In 2018, he got his latest mega-grant of options, listed in filings with a value of $2.28 billion. The Bloomberg index allocates 1/10th of the securities to each of the next 10 years, and calculates the value of each year’s tranche based on the closing stock price on the last day of trading. His $595.3 million for last year includes a tranche of the 2018 grant and part of a similar but smaller award he received in 2012.

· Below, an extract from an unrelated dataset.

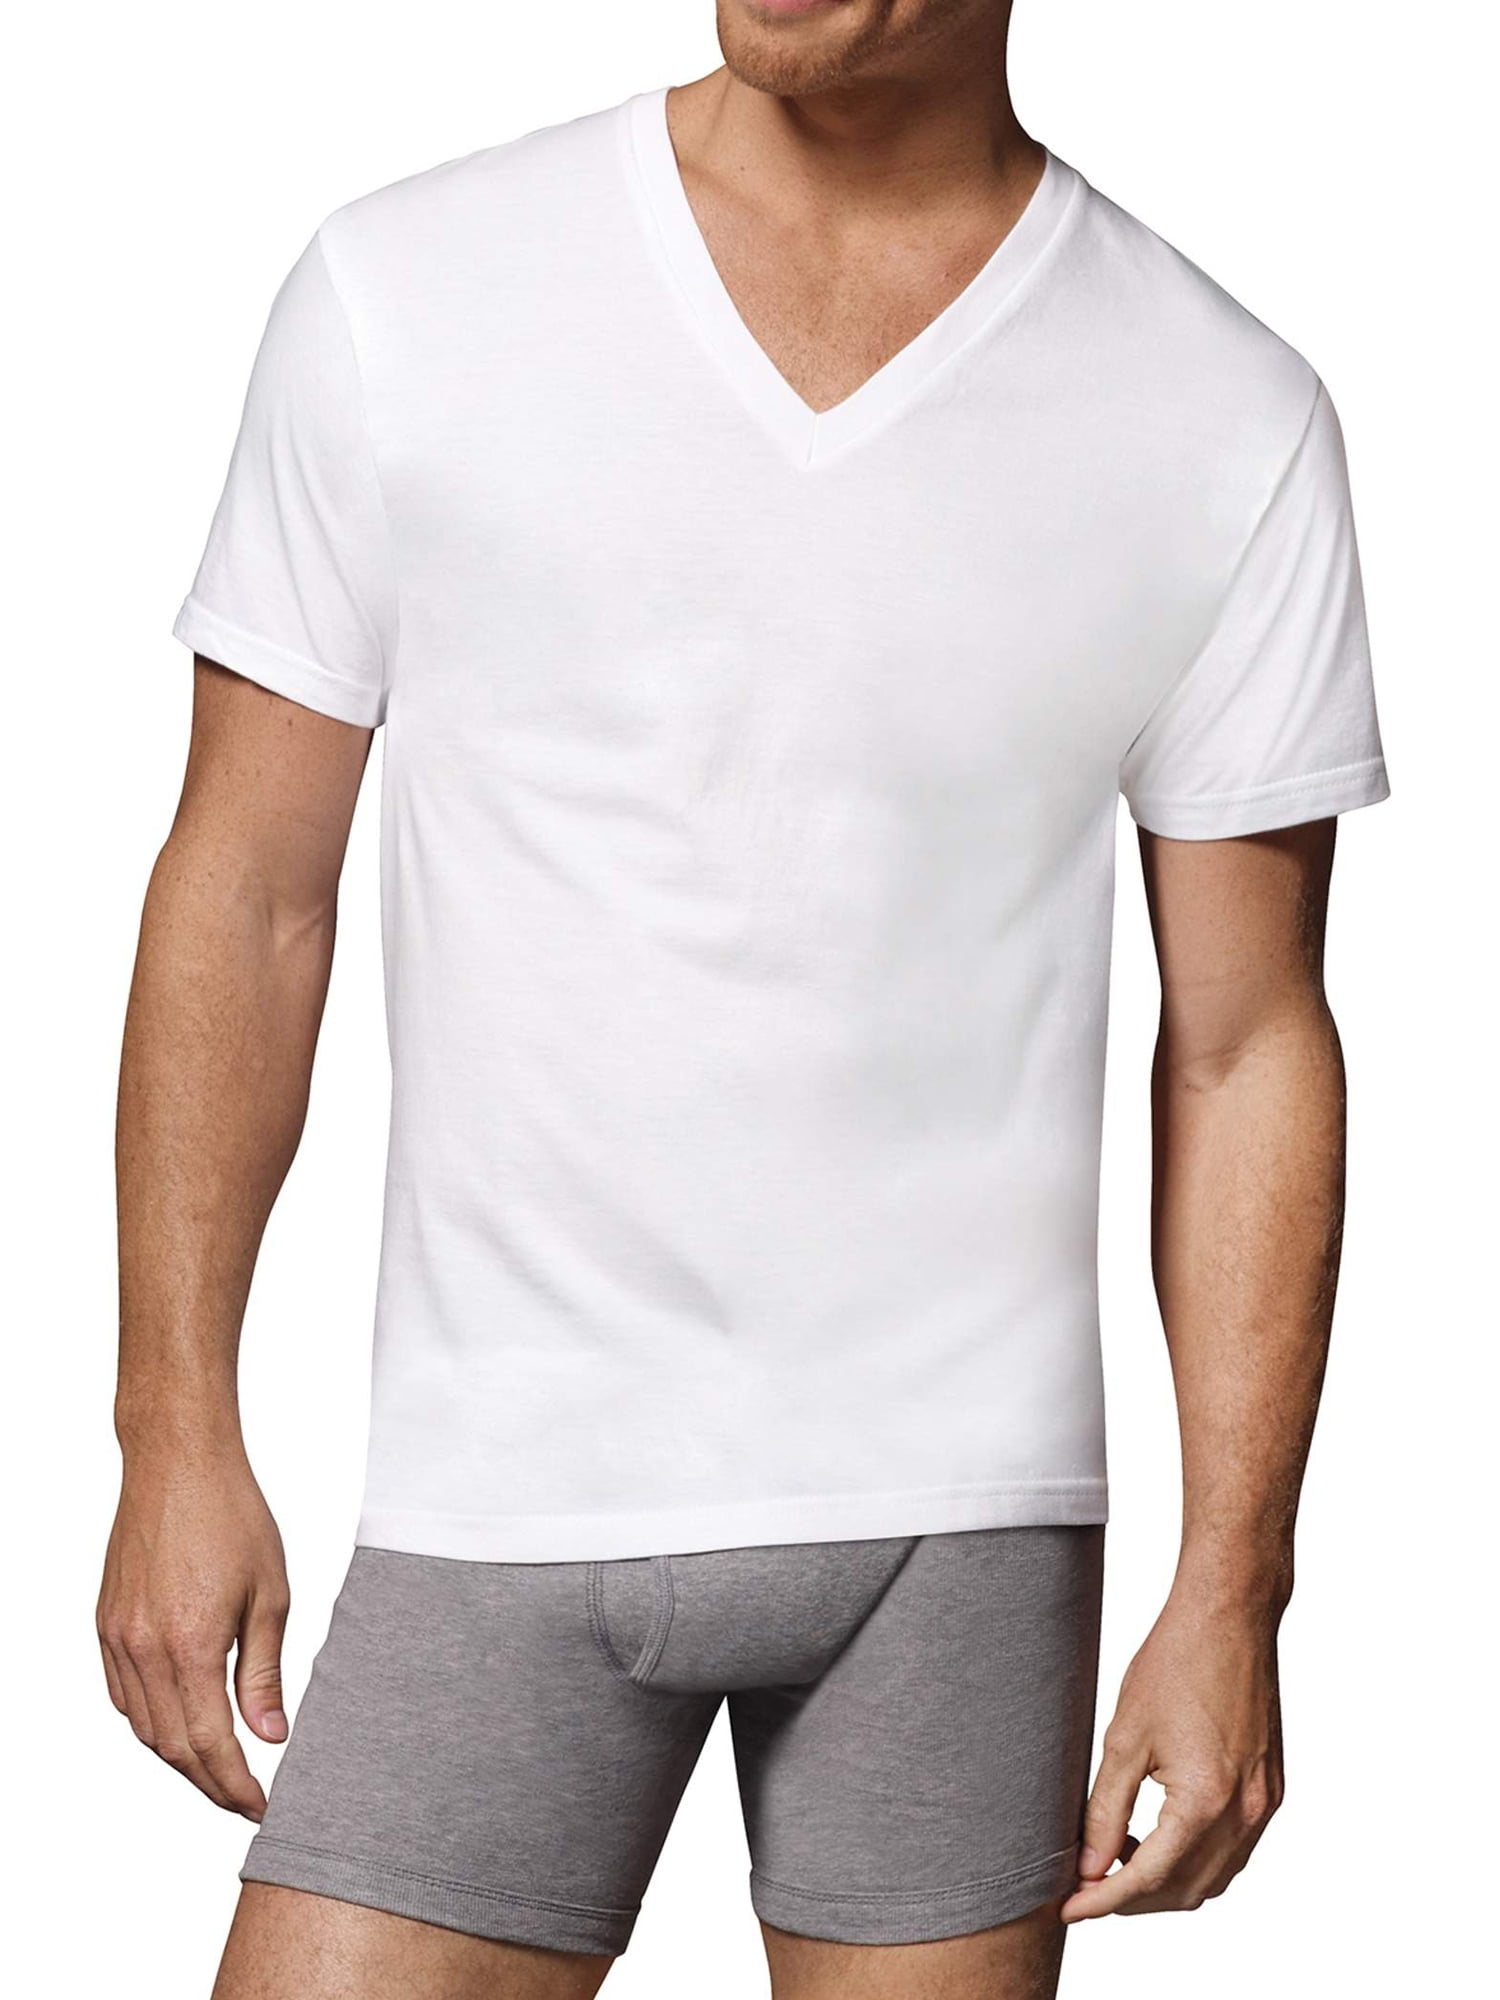 Hanes Men's FreshIQ Comfortsoft White V-Neck T-Shirts, 6 Pack

Like Musk, most executives on the index aren’t guaranteed to pocket all, or even most, of their packages. Stock awards, which make up the bulk of their pay, are often contingent on performance conditions, and payouts are usually reduced or eliminated if those aren’t met. On the other hand, if the goals are exceeded, the windfall could be significantly bigger than initially estimated.
Such is the case for Rutledge at Charter. In 2016, he received big grants of stock options and restricted shares that would be his if Charter’s share price exceeded certain thresholds over the coming years. In the meantime, he wouldn’t receive any additional equity, only his salary and bonus. (Instead of counting all options and shares in 2016, the index allocates 20% of the securities for each year in the five-year performance period.)
Back then, the company’s shares stood at around $224. The awards are tied to performance thresholds ranging from $289.76 on the low end to $564.04 on the high end, and his continued service as CEO.
Charter closed at $530.19 on Thursday in New York, having more than doubled over the past four years. So far, about half the options he got in 2016 have vested. If he exercised all of those in one fell swoop, he would take home more than $250 million before taxes.